The phaseModels map in the kubernaut-agent-llm-runtime ConfigMap allows configuring different LLM models for each phase of the investigation pipeline. This is useful for routing expensive reasoning models to RCA while using faster/cheaper models for workflow selection or validation.

Valid phase keys (CEL-validated when using the operator CR):

Phase key	Description
`rca`	Root-cause analysis loop (K8s + Prometheus tools)
`workflow_discovery`	Workflow selection and discovery
`validation`	Post-selection validation

Override fields (all optional; non-empty fields override the base LLM config):

Field	Description
`provider`	Override LLM provider
`model`	Override model name
`endpoint`	Override endpoint URL
`apiKey`	Override API key
`azureApiVersion`	Azure API version override
`vertexProject`	GCP project override
`vertexLocation`	GCP region override
`bedrockRegion`	AWS Bedrock region override

temperature, maxRetries, and timeoutSeconds are always inherited from the base LLMRuntimeConfig and cannot be overridden per phase.

Merge behavior: EffectivePhaseConfig() copies the base config, then overlays non-empty override fields.

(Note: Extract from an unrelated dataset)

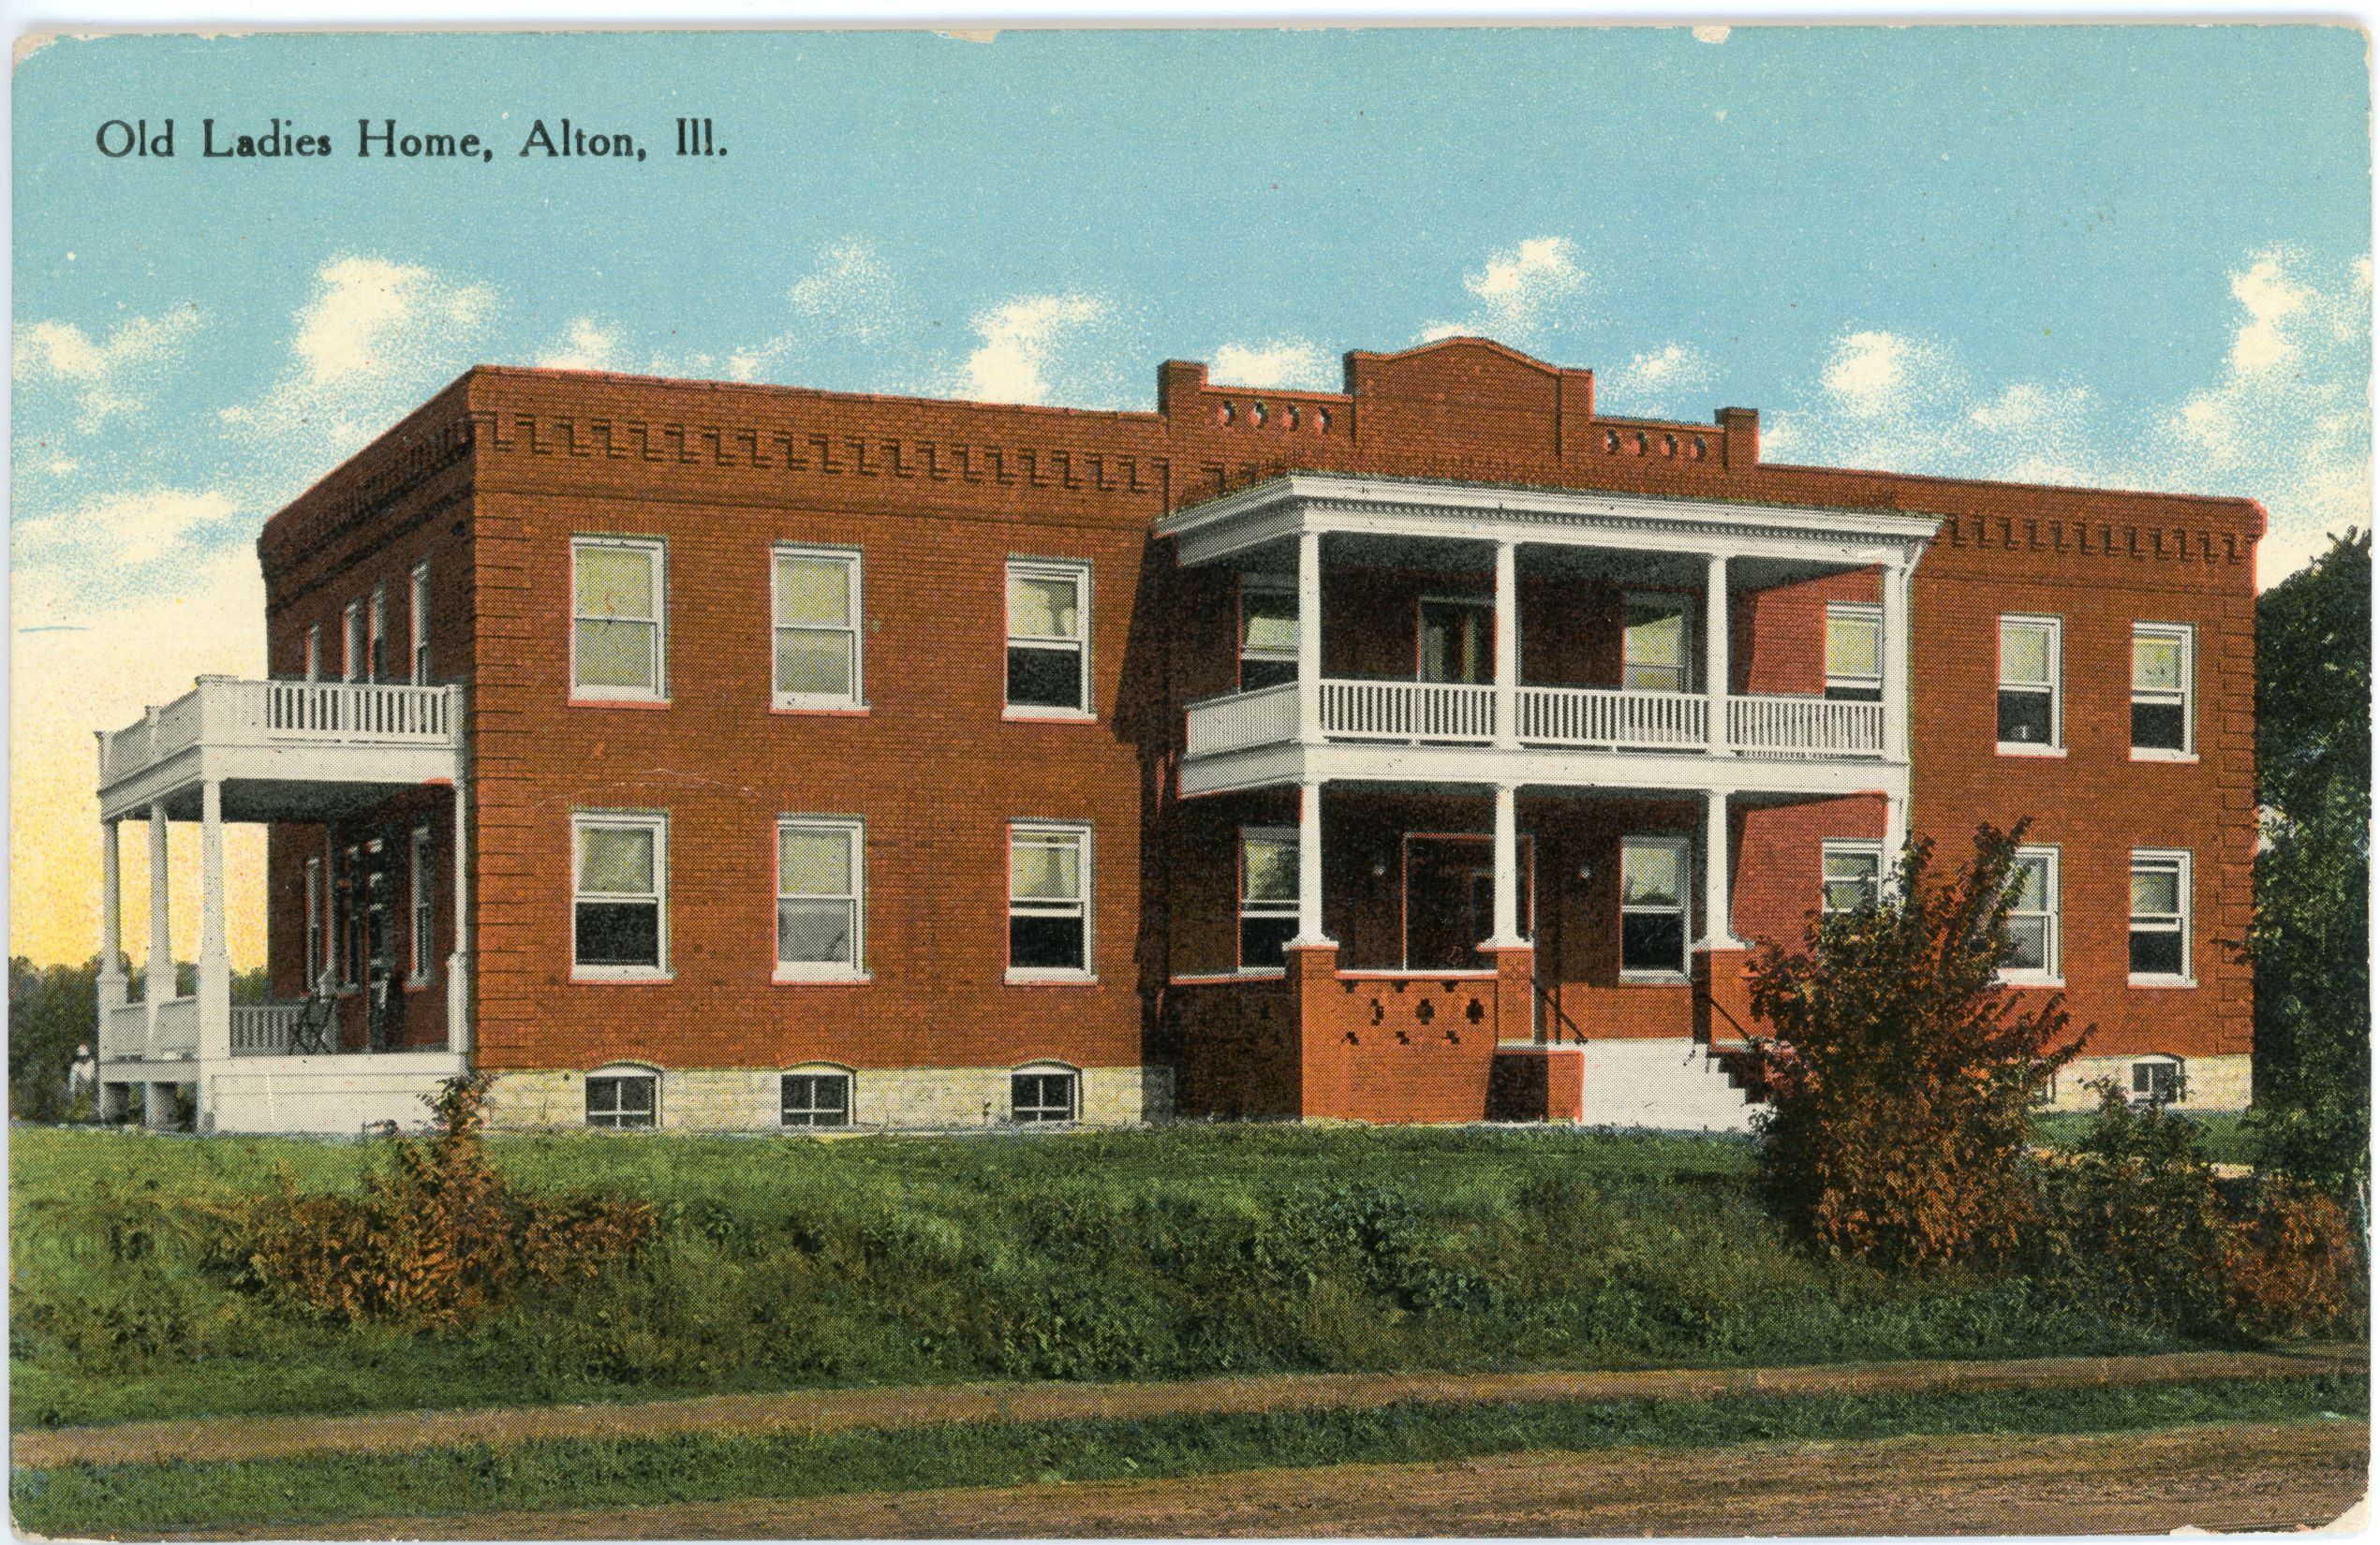 The Alton Woman’s Home was located at 2224 State Street

If phaseModels is empty or the phase has no entry, the base config is used unchanged.

Validation: unknown phase keys are rejected at startup. An override where all fields are empty is rejected.

Hot-reloadable: yes — changes to the kubernaut-agent-llm-runtime ConfigMap take effect via FileWatcher without pod restart.

Configuration paths:

Operator CR: spec.kubernautAgent.llm.phaseModels (map with CEL validation)
Direct ConfigMap patch: add phaseModels: key to the kubernaut-agent-llm-runtime ConfigMap
Helm chart: not yet exposed as a value key

phaseModels in kubernaut-agent-llm-runtime ConfigMap

model: gpt-4o
endpoint: http://llm-gateway:8080/v1
temperature: 0.7
maxRetries: 3
timeoutSeconds: 120
phaseModels:
  rca:
    provider: anthropic
    endpoint: http://anthropic-api
    model: claude-sonnet-4-6
  workflow_discovery:
    model: claude-haiku-3
  validation:
    model: gpt-4o-mini

Supported Providers¶

Config `ai.llm.provider`	Backend	Implementation
`openai`	OpenAI or OpenAI-compatible API	LangChainGo `llms/openai`
`ollama`	Ollama	LangChainGo `llms/ollama`
`azure`	Azure OpenAI	LangChainGo `llms/openai` (Azure API type)
`vertex`	Google Vertex AI (Gemini models)	LangChainGo `llms/googleai/vertex`
`vertex_ai`	Claude on Google Vertex AI	Anthropic Go SDK (not LangChainGo)
`anthropic`	Anthropic API (direct)	LangChainGo `llms/anthropic`
`bedrock`	Amazon Bedrock	LangChainGo `llms/bedrock`
`huggingface`	Hugging Face	LangChainGo `llms/huggingface`
`mistral`	Mistral	LangChainGo `llms/mistral`

Vertex AI provider distinction

vertex = Gemini models on Vertex AI. vertex_ai = Anthropic Claude models on Vertex AI. These use separate code paths and different SDKs.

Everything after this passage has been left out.